Channel Insight: The Key To Ecosystem Growth Begins With Customer Experience

By Kellie Auman Posted on 9/10/19 12:45 PM

The global digital age has brought about one of the biggest fundamental problems of marketing in the history of business: How does a brand stand out when the average buyer can choose between products from across the entire world? Previously, companies often had regional monopolies – or close to it – but today, forget it. Very few businesses can claim to offer a product or service that has no direct competition.

For most businesses, customer experience (CX) has become their most important differentiator. In fact, according to a Gartner survey, nearly ninety percent of businesses surveyed believe they are now primarily competing based on customer service, rather than product. Are you?

Why Indirect Sales Ecosystems Need To Focus On CX

Consistency in customer service can be a major challenge for indirect sales ecosystems, due to their structure. However, buyers rarely care about that. They expect a consistency in interactions across all their contact points, no matter the channel. A poor customer experience from any portion of the company ends up reflecting badly on the ecosystem as a whole.

Customer Experience

This means that partner managers need to be putting an increased emphasis on maintaining high levels of customer service across their organization. Otherwise, they could be at risk of losing buyers to monolithic sales organizations which can more easily regulate their CX. Here are a few suggestions on how to accomplish this:

1. Centralize your customer touch information.

Your vendor network must have a centralized CMS-style database for tracking customer touches across the ecosystem. Even if customers are contacting different companies every time, they should receive an experience which is as seamless as possible. Maintaining a database of touches which allows various areas of your ecosystem to “hand off” customers without disruption will go a long way towards achieving this.

2. Customer satisfaction should be a core KPI.

If you aren’t in the habit of sending out surveys to buyers who have purchased recently and\or had any contact with an area of your ecosystem, you should be. This is the only way to concretely track CX. In particular, you’ll need it to start to evaluate which of your partners are providing the best levels of customer service. Then you’ll be able to work more closely with those who don’t.

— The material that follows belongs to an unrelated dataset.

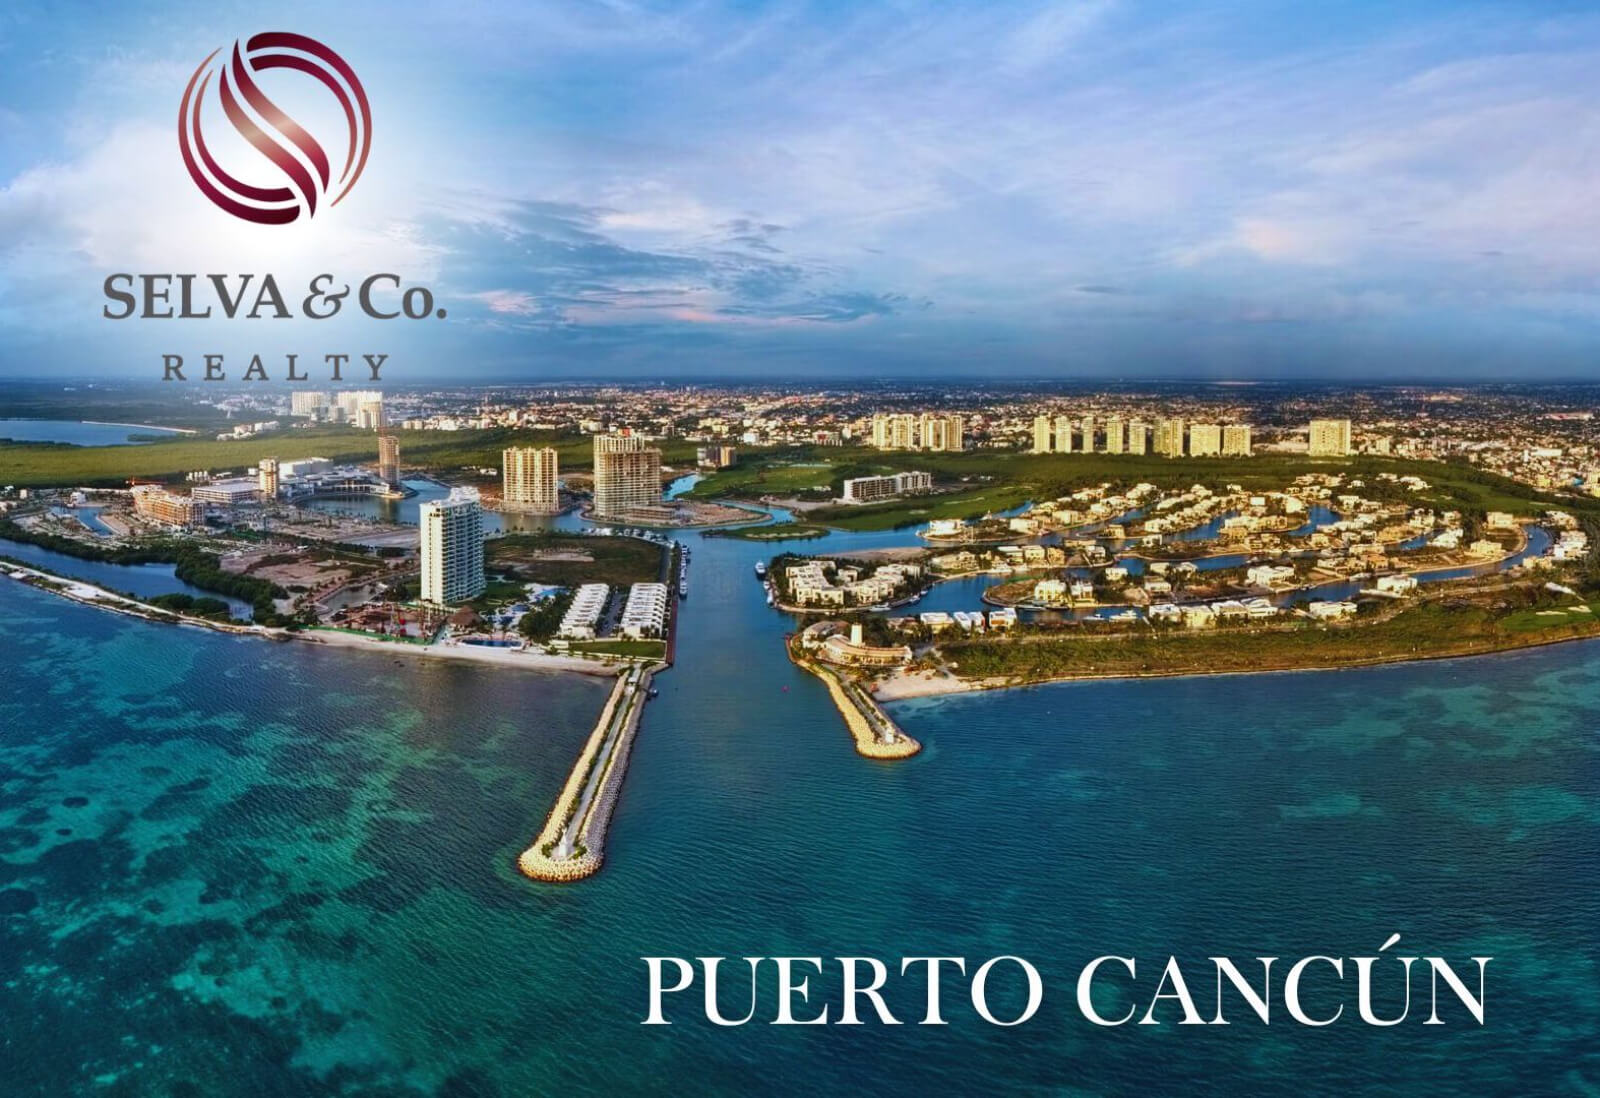 Ocean view condo with amenities: infinity pool, spa, gym, lounge area, event room, lobby, located in Puerto Cancun

3. Have guidelines for interactions.

Have you sat down and thought about what you would like a typical customer interaction to be like? Create a document offering guidelines to your partners. They’ll need some leeway to adapt it to their own local business and customer base, but this will help standardize interactions.

4. Ensure the same customer service tools are universally available.

When your partners have consistency in the processes and tools they use to interact with customers, that will translate into a consistent customer experience. Be certain that all your partners have access to all the same tools, and have equivalent training to ensure they’re using them properly. The only exception should be when you’re rolling out new tools, since that’s best done as a phased deployment.

5. Making CX coaching part of your partner interactions.

Don’t sideline CX when discussing performance, improvements, and bonuses with your partners. The amount of emphasis you put on CX will usually translate into how much emphasis they put on it as well. Be available to provide coaching and guidance, particularly for partners who are struggling to keep their CX ratings high.